Partial effects plots are shown for a beta regression model attempting to explain the mean probability assigned by the bagged model to all viruses in Fig 3A, accounting for whether or not the genome predicted was sequenced from arthropods (as opposed to chordates), (A), random effects for the taxonomic class and order of sampled hosts (B and C), whether the sequence derived from a human sample (D), and a random effect for the virus family represented (E). Points indicate partial residuals, while lines and shaded areas respectively show the maximum likelihood and 95% CI of partial effects. CIs that do not include 0 are highlighted in blue. CI, confidence interval.
Fig 5.
Probability of human infection predicted from coronavirus genomes.
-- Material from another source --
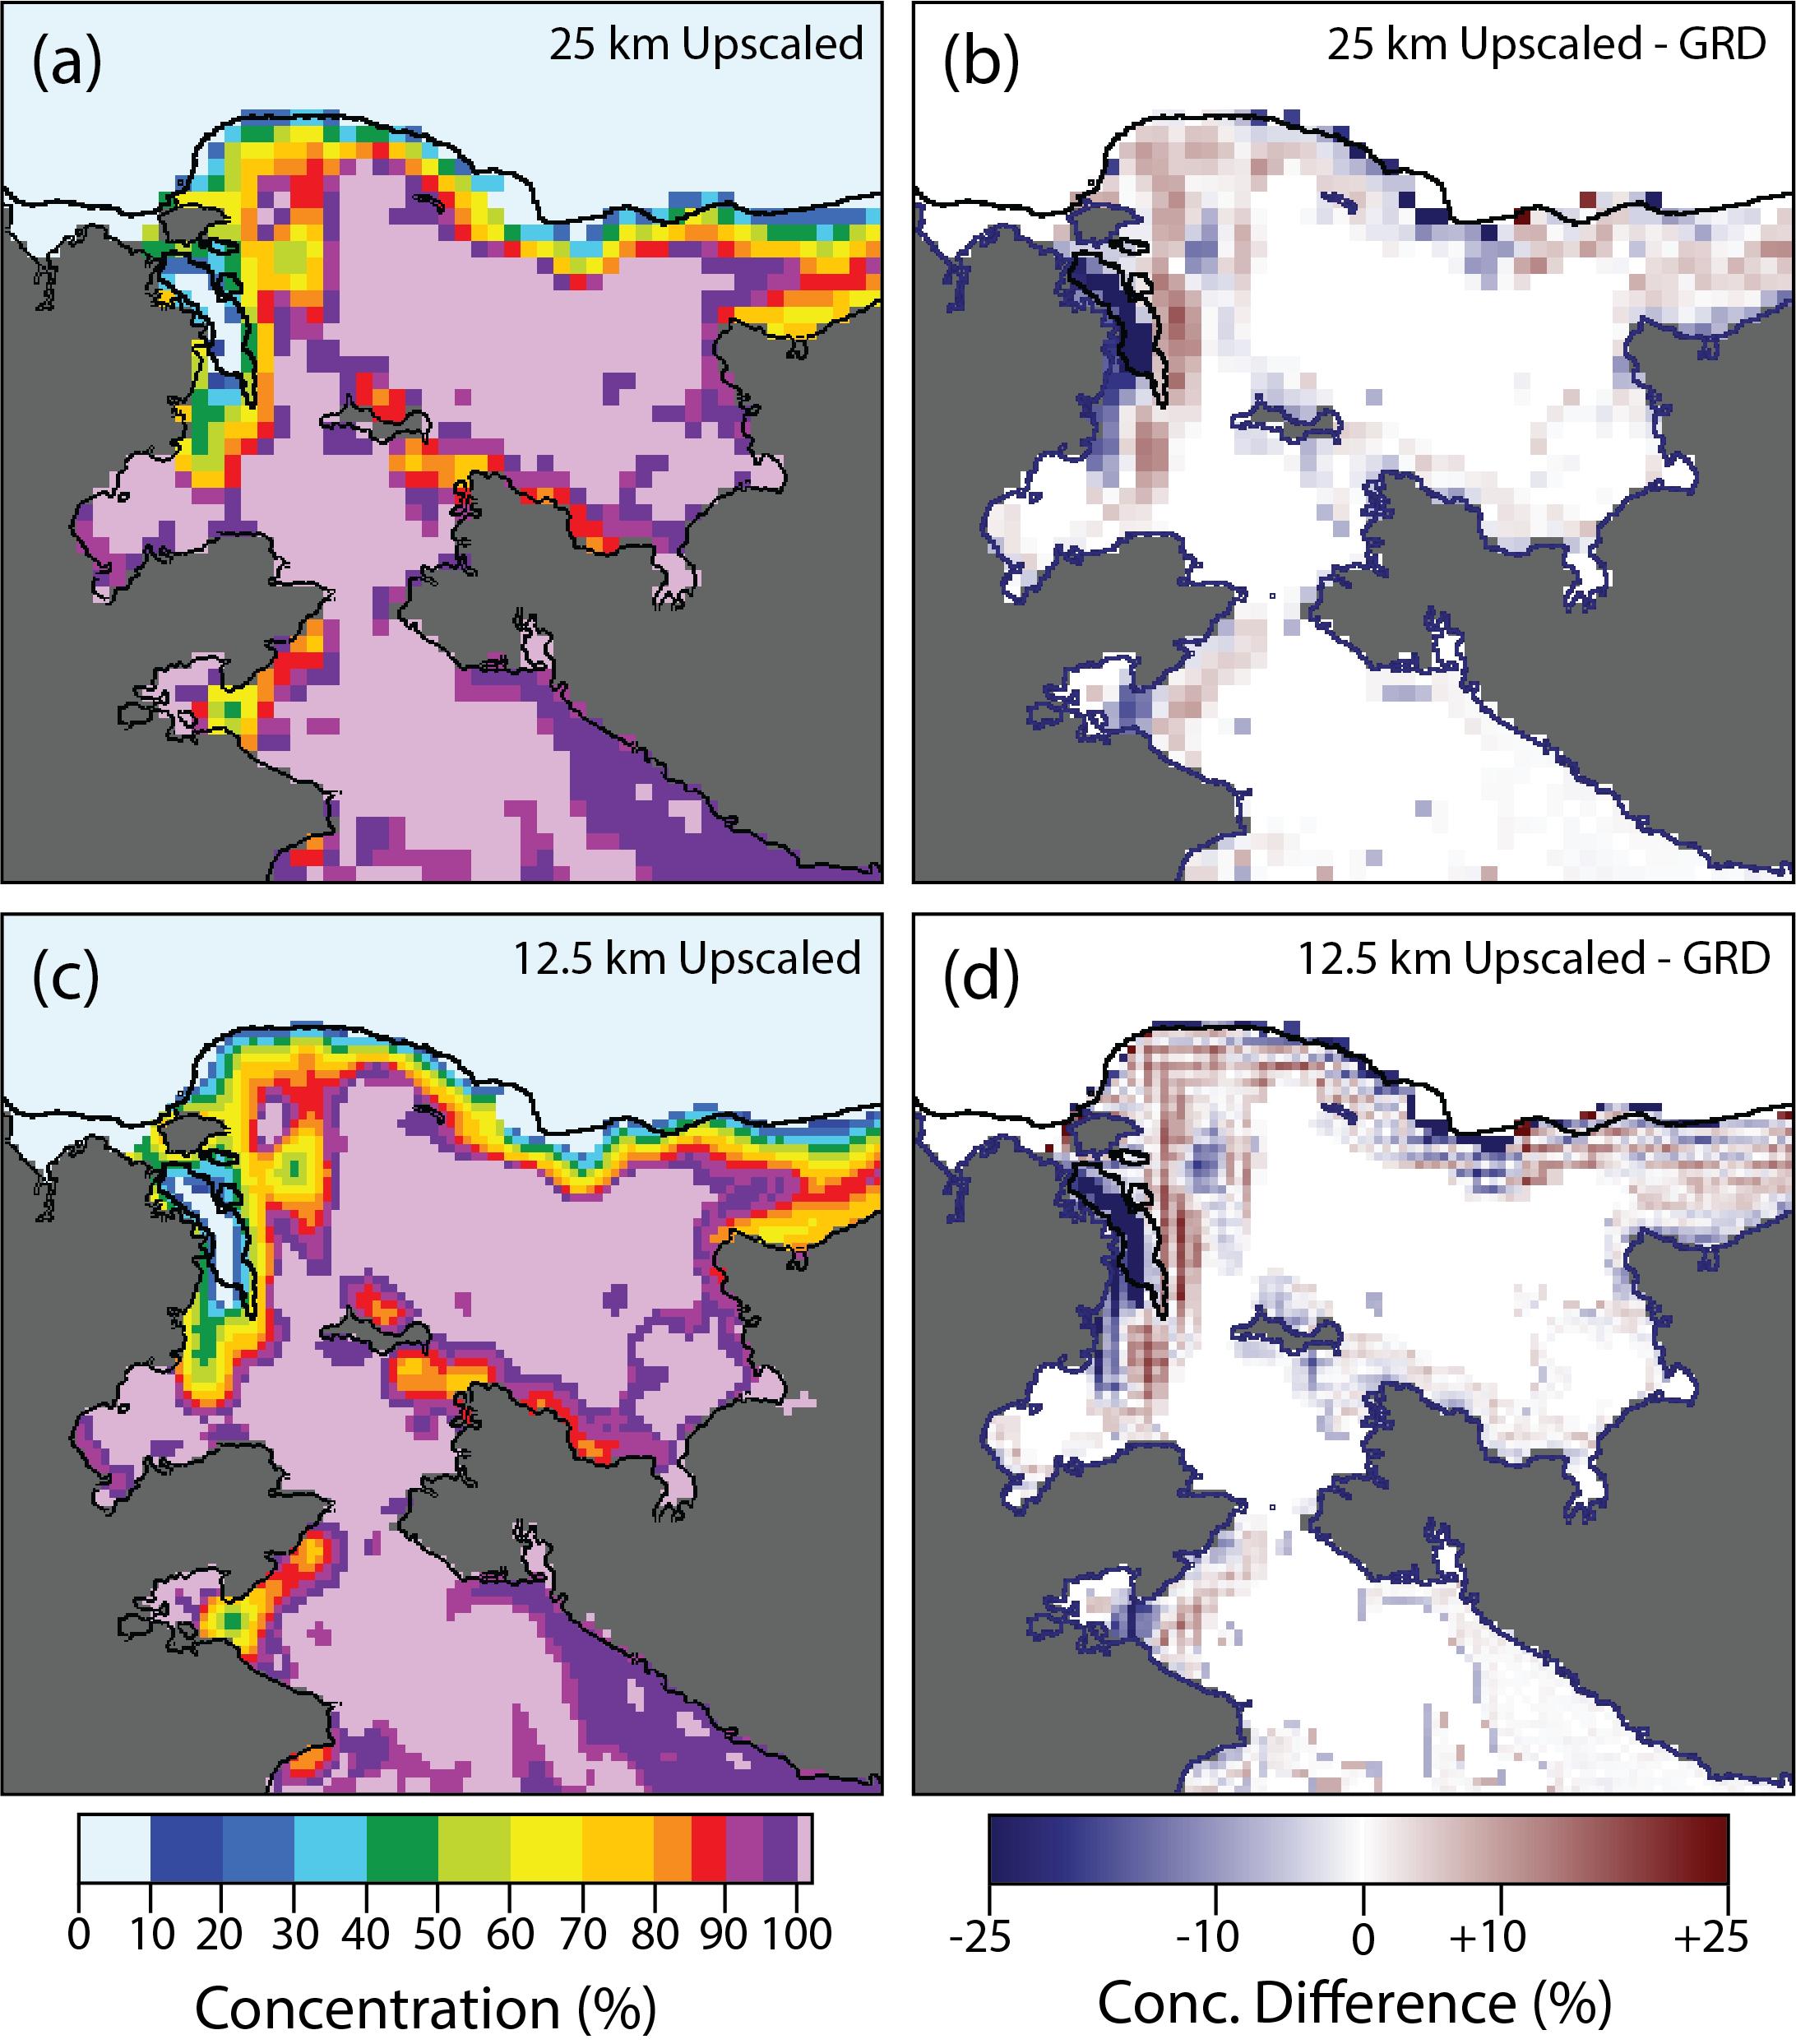 Enhanced sea ice concentration
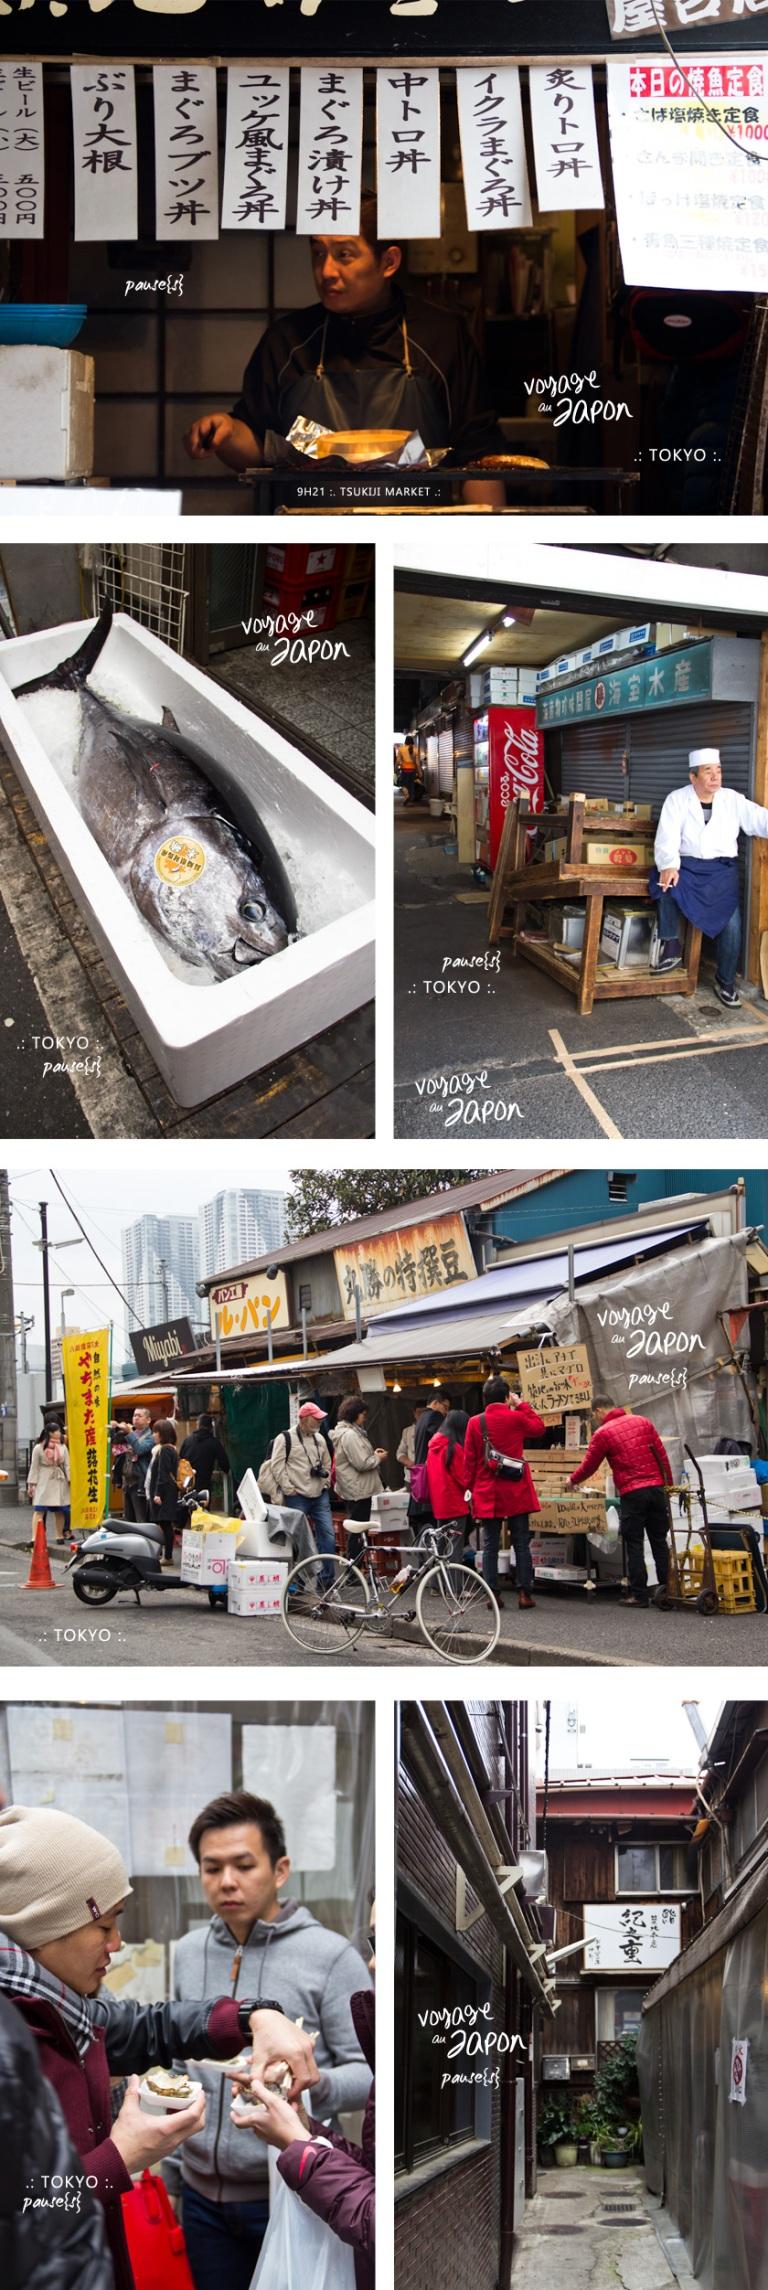 marche-poisson-tokyo-03

(A) Predictions for currently recognized Coronaviridae species and for 3 variants of SARS-related coronavirus: SARS-CoV (isolate HSZ-Cc, sampled early in the 2003 pandemic), SARS-CoV-2 (isolate Wuhan-Hu-1, sampled early in the current pandemic), and the closely related RaTG13 (sampled from Rhinolophus affinis in 2013). A dendrogram illustrates taxonomic relationships, with abbreviated genus names annotated on the right. Arrows highlight known human-infecting species. Asterisks indicate species absent from the training data, also present in Fig 3A. (B) Predictions for different representatives of SARS-related coronavirus. The isolation source of animal-associated genomes is indicated in parentheses. A maximum likelihood phylogeny illustrates relationships and was created as described in [6]. The outgroup, BtKy72 (sampled in Kenya in 2007), is not shown. In both panels, bars show the 95% interquartile range of predicted probabilities across the best performing 10% of iterations excluding the species being predicted, while circles show the mean predicted probability from these iterations. Numerical data underlying this figure can be found in S1 Table (panel A) and at https://github.com/nardus/zoonotic_rank/tree/main/FigureData (panel B; doi: 10.5281/zenodo.4271479). MERS-CoV, Middle East Respiratory Syndrome–related Coronavirus; M. ricketti CoV Sax-2011, Myotis ricketti alphacoronavirus Sax-2011; NL63-related bat CoV, NL63-related bat coronavirus strain BtKYNL63-9b; N. velutinus CoV SC-2013, Nyctalus velutinus alphacoronavirus SC-2013; R. ferrumequinum CoV HuB-2013, Rhinolophus ferrumequinum alphacoronavirus HuB-2013; SARS, Severe Acute Respiratory Syndrome; SARS-CoV-2, Severe Acute Respiratory Syndrome Coronavirus 2.